Unit tests should run in milliseconds. Integration tests in seconds. E2E tests are the only acceptable "slow" tests.
Test names describe WHAT is being tested and WHAT should happen. Read the name and know what broke without reading the test body.
-- GOOD: describes behavior
"returns empty array when no items match the filter"
"throws validation error when email format is invalid"
"retries up to 3 times on transient network failure"
-- BAD: describes implementation or is vague
"test filter"
"works correctly"
"handles error"
"test case 1"
Tests should verify what the code does, not how it does it. Implementation can change; behavior should not.
-- GOOD: tests the outcome
"after adding an item, the list contains that item"
"after deletion, the item is no longer retrievable"
-- BAD: tests the mechanism
"calls array.push with the item"
"sets the deleted flag to true"
Every test follows this structure:
// Arrange -- set up the preconditions
input = createValidInput();
service = createServiceWithMocks();
// Act -- perform the action being tested
result = service.process(input);
// Assert -- verify the outcome
expect(result.status).toBe('completed');
expect(result.items).toHaveLength(3);
One act per test. If you need multiple acts, you need multiple tests.

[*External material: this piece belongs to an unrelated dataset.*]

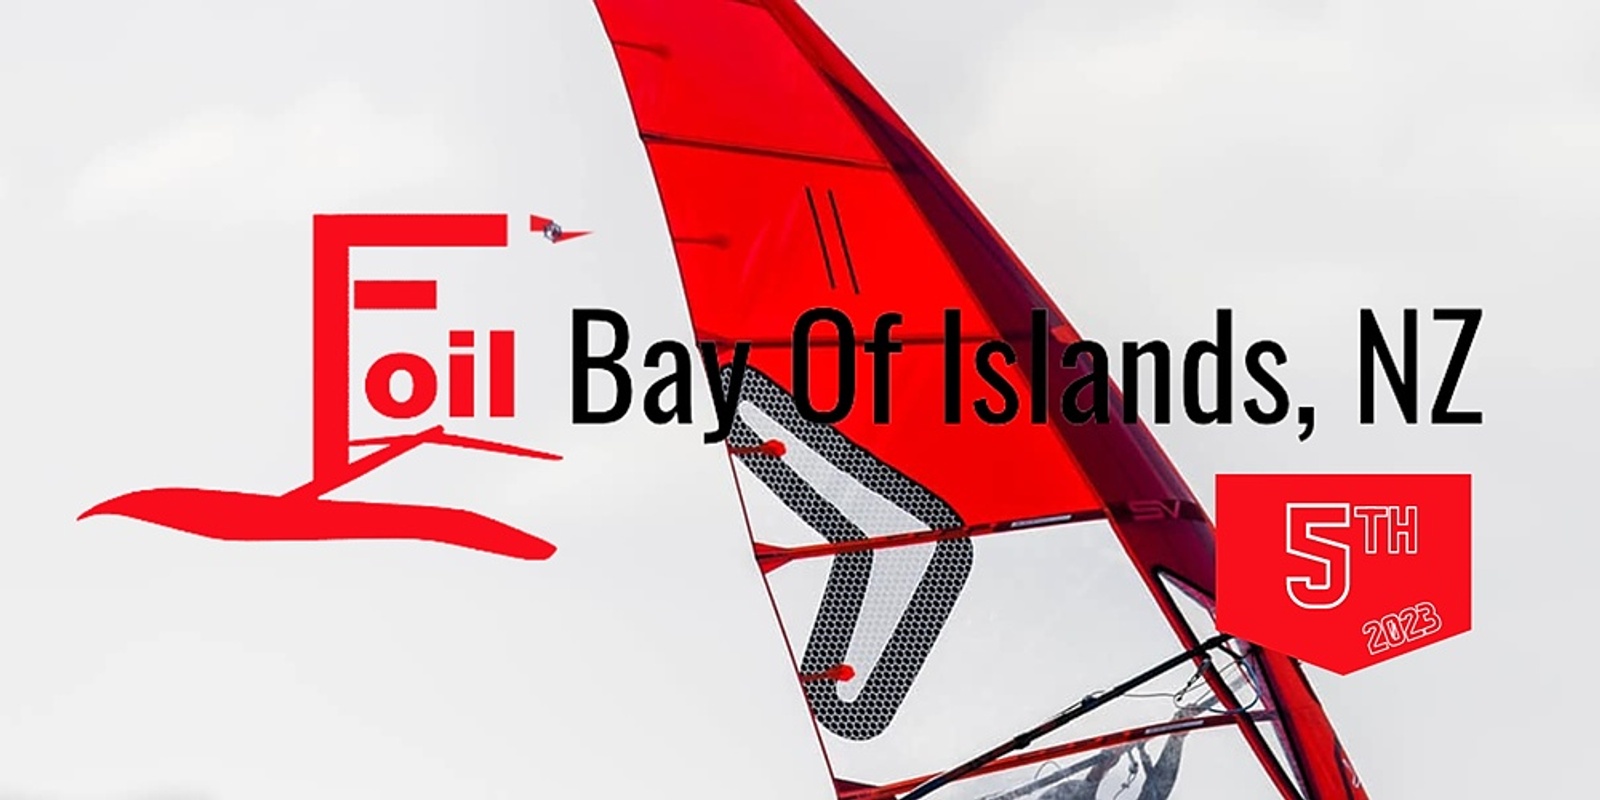 Banner image for 5th Annual Foil Bay of Islands

Boundaries are the edges where your code meets external systems:
| Boundary | Mock It |
|---|---|
| Database | Yes -- use test database or in-memory alternative |
| HTTP APIs | Yes -- mock the HTTP client or use recorded responses |
| File system | Yes -- use in-memory FS or temp directories |
| Message queues | Yes -- use in-memory broker or mock publisher |
| Time/dates | Yes -- freeze or inject time |
| Random values | Yes -- seed or inject |
If you're mocking a function in the same module to test another function in that module, the test is too coupled to the implementation. Refactor the code or test the outer function end-to-end.
-- BAD: mocking internals
mock(module, 'helperFunction').returns(42);
result = module.mainFunction();
expect(result).toBe(42);
-- GOOD: test the actual behavior
result = module.mainFunction(inputThatProducesFortyTwo);
expect(result).toBe(42);
Each test should clearly show what it mocks. Shared mock setup in beforeEach is fine for common dependencies (database, logger), but test-specific mock behavior should be in the test itself.
Fix or delete. Never skip and forget.
A flaky test is worse than no test -- it erodes trust in the entire test suite. When tests are unreliable, developers stop paying attention to failures.
| Cause | Fix |
|---|---|
| Timing/race conditions | Use explicit waits, not sleeps. Mock time. |
| Shared database state | Isolate with transactions, use unique identifiers |
| Test execution order | Ensure each test has proper setup/teardown |
| Network dependencies | Mock external calls, use recorded responses |
| Port conflicts | Use dynamic port allocation |
| File system state | Use temp directories, clean up in afterEach |
Tests should live close to the code they test. The two common patterns:
-- Colocated (preferred for unit tests)
src/
user.service.ts
user.service.test.ts
-- Separate directory (common for integration/E2E)
src/
user.service.ts
tests/
integration/
user.service.integration.test.ts
e2e/
user-flow.e2e.test.ts
Match the source file name with a .test or .spec suffix. Be consistent within the project.
Group related tests. Use nesting to show precondition variations:
describe('UserService')
describe('createUser')
it('creates a user with valid input')
it('throws when email is already taken')
it('throws when required fields are missing')
describe('deleteUser')
describe('when user exists')
it('removes the user')
it('returns the deleted user')
describe('when user does not exist')
it('throws not found error')
100% coverage is not a goal. Coverage measures which lines executed, not whether the tests are good. A test that calls a function without asserting anything adds coverage but no value.